创建具有特殊设置功能的自定义计数器对象

Creating a custom Counter object with special set function

来自 ,@AshwiniChaudhary 给出了一个很好的答案来创建一个新的 Counter 具有不同 set() 函数的对象:

from collections import Counter

class CustomCounter(Counter):
    def __setitem__(self, key, value):
        if len(key) > 1 and not key.endswith(u"\uE000"):
            key += u"\uE000"
        super(CustomCounter, self).__setitem__(key, value)

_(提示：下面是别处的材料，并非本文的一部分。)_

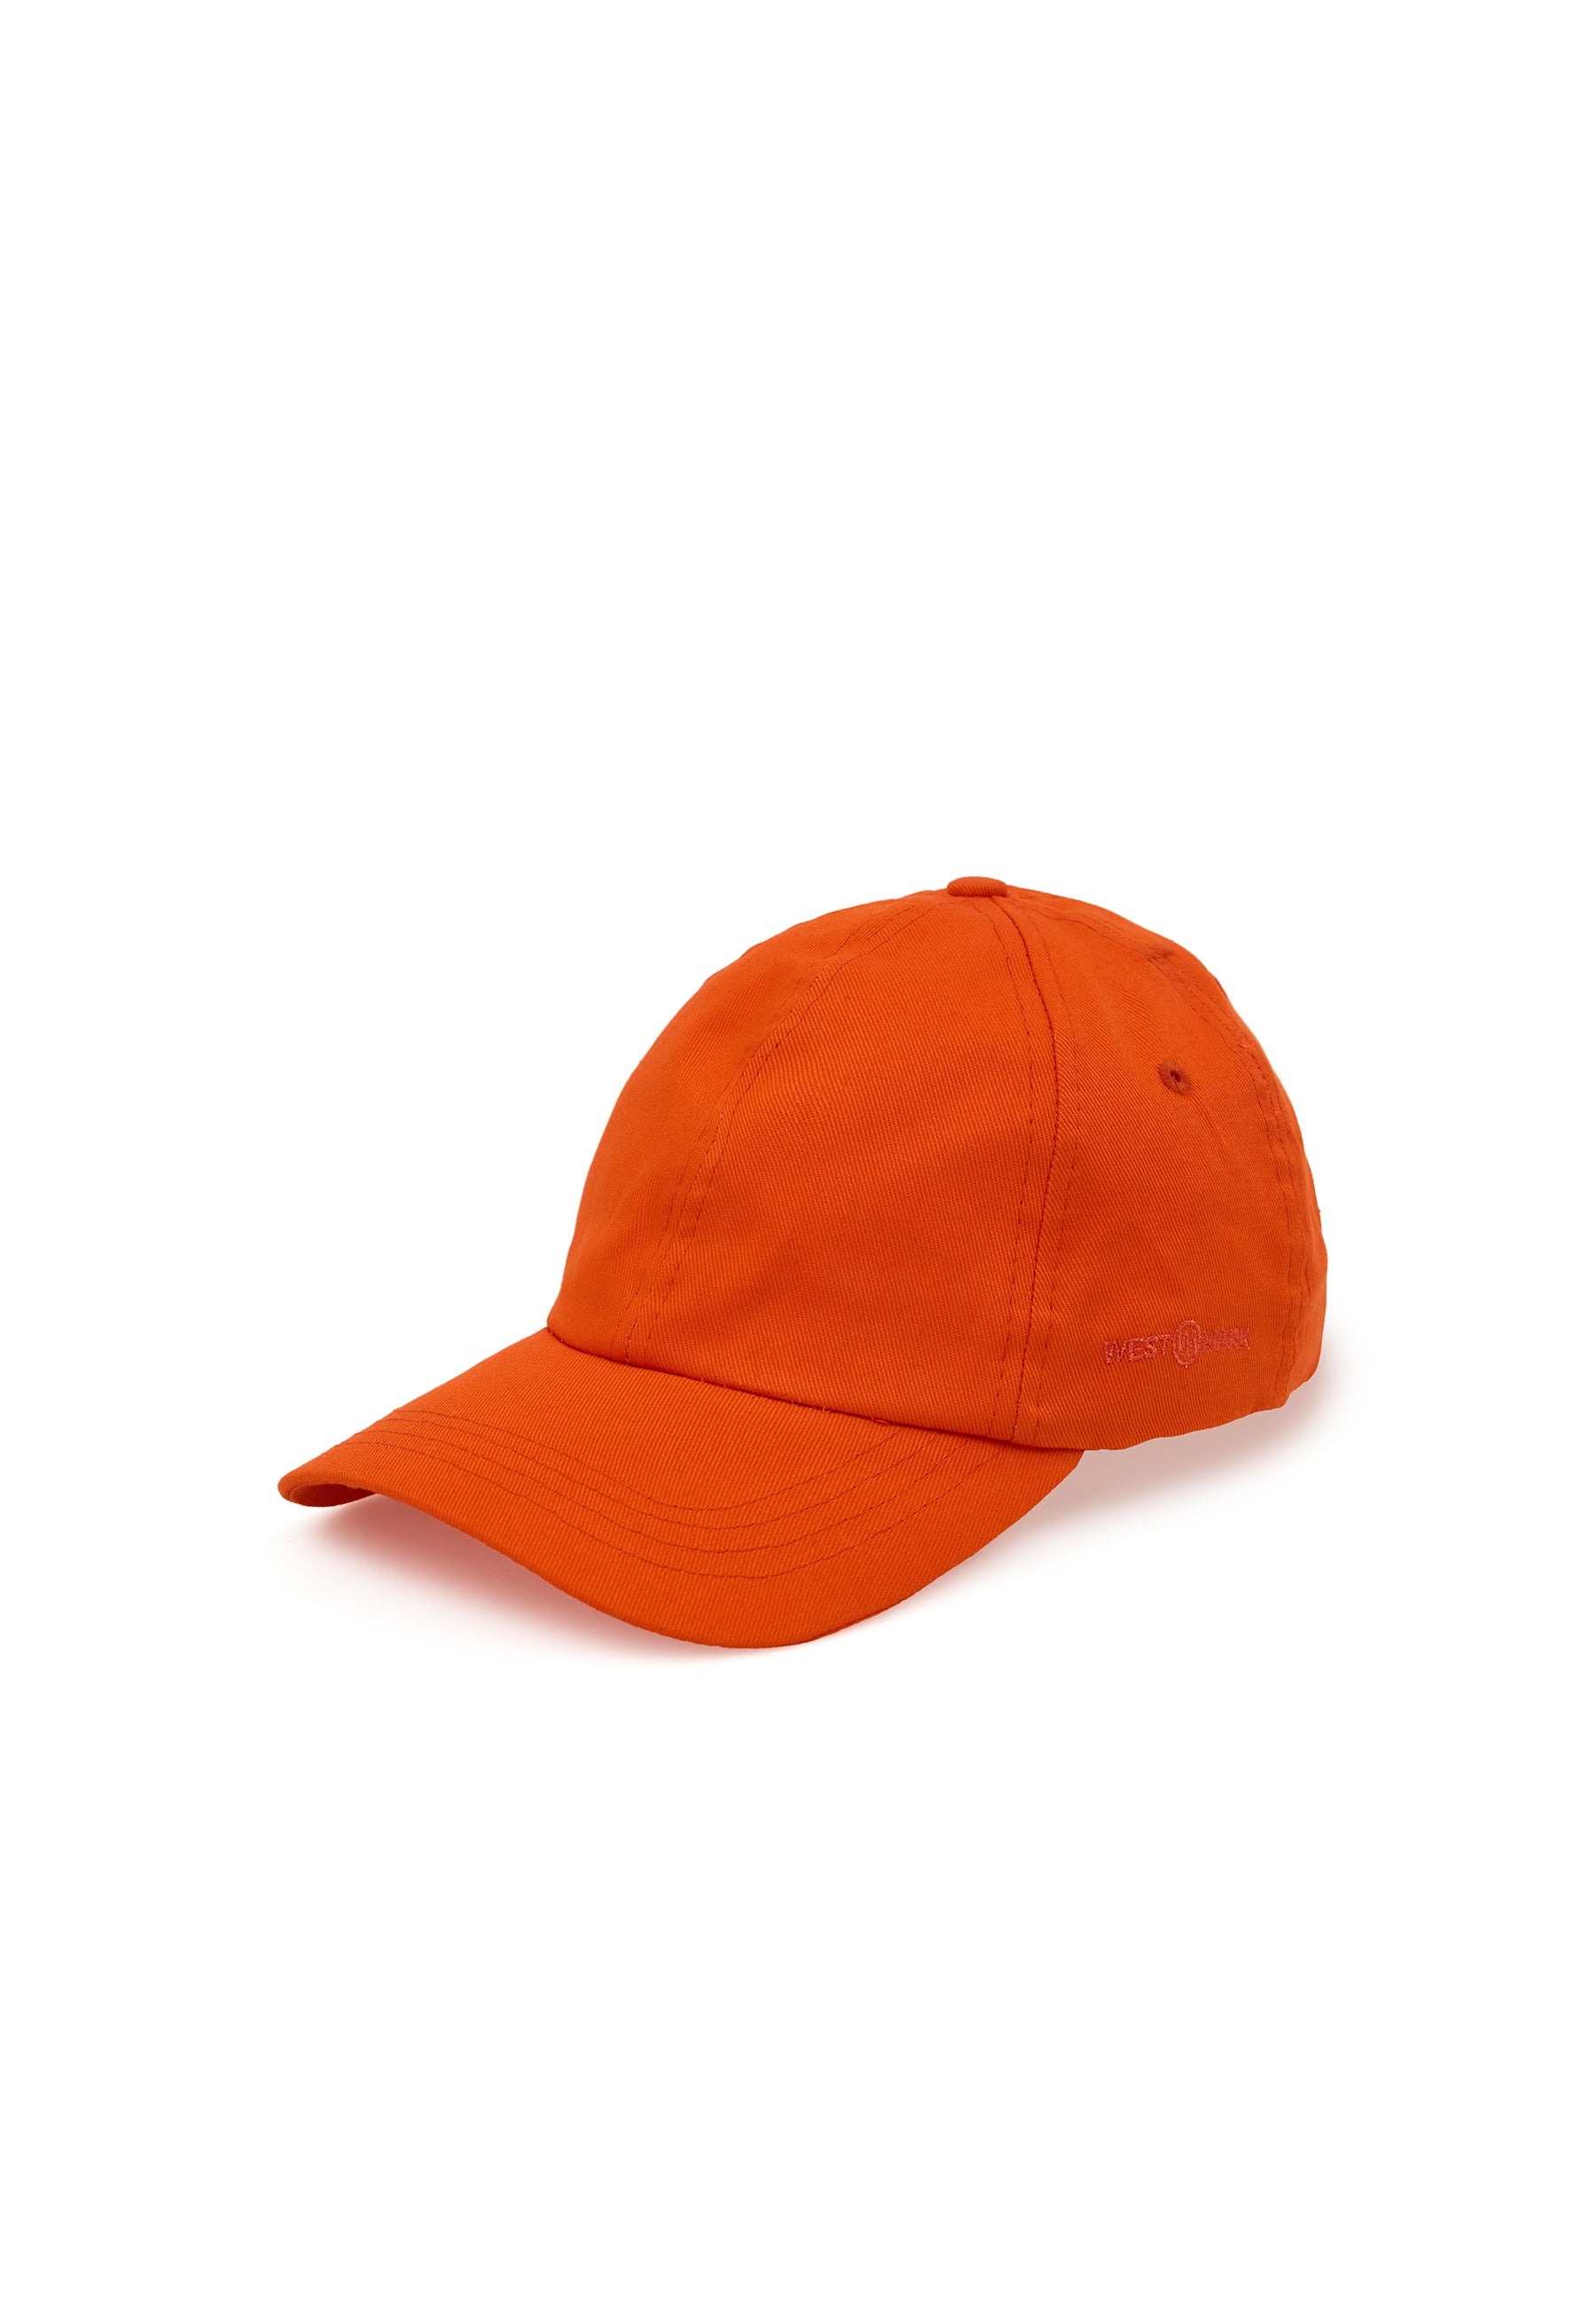 WMCARTER CAP in Orange

为了允许用户定义的 char/str 附加到密钥,我试过:

from collections import Counter, defaultdict

class AppendedStrCounter(Counter):
    def __init__(self, str_to_append):
        self._appended_str = str_to_append
        super(AppendedStrCounter, self).__init__()
    def __setitem__(self, key, value):
        if len(key) > 1 and not key.endswith(self._appended_str):
            key += self._appended_str
        super(AppendedStrCounter, self).__setitem__(tuple(key), value)

但是它返回一个空的计数器:

>>> class AppendedStrCounter(Counter):
...     def __init__(self, str_to_append):
...         self._appended_str = str_to_append
...         super(AppendedStrCounter, self).__init__()
...     def __setitem__(self, key, value):
...         if len(key) > 1 and not key.endswith(self._appended_str):
...             key += self._appended_str
...         super(AppendedStrCounter, self).__setitem__(tuple(key), value)
... 
>>> AppendedStrCounter('foo bar bar blah'.split())
AppendedStrCounter()

那是因为我在 __init__():

中缺少 iter
from collections import Counter, defaultdict

class AppendedStrCounter(Counter):
    def __init__(self, iter, str_to_append):
        self._appended_str = str_to_append
        super(AppendedStrCounter, self).__init__(iter)
    def __setitem__(self, key, value):
        if len(key) > 1 and not key.endswith(self._appended_str):
            key += self._appended_str
        super(AppendedStrCounter, self).__setitem__(tuple(key), value)

[输出]:

>>> AppendedStrCounter('foo bar bar blah'.split(), u'\ue000')
AppendedStrCounter({('f', 'o', 'o', '\ue000'): 1, ('b', 'a', 'r', '\ue000'): 1, ('b', 'l', 'a', 'h', '\ue000'): 1})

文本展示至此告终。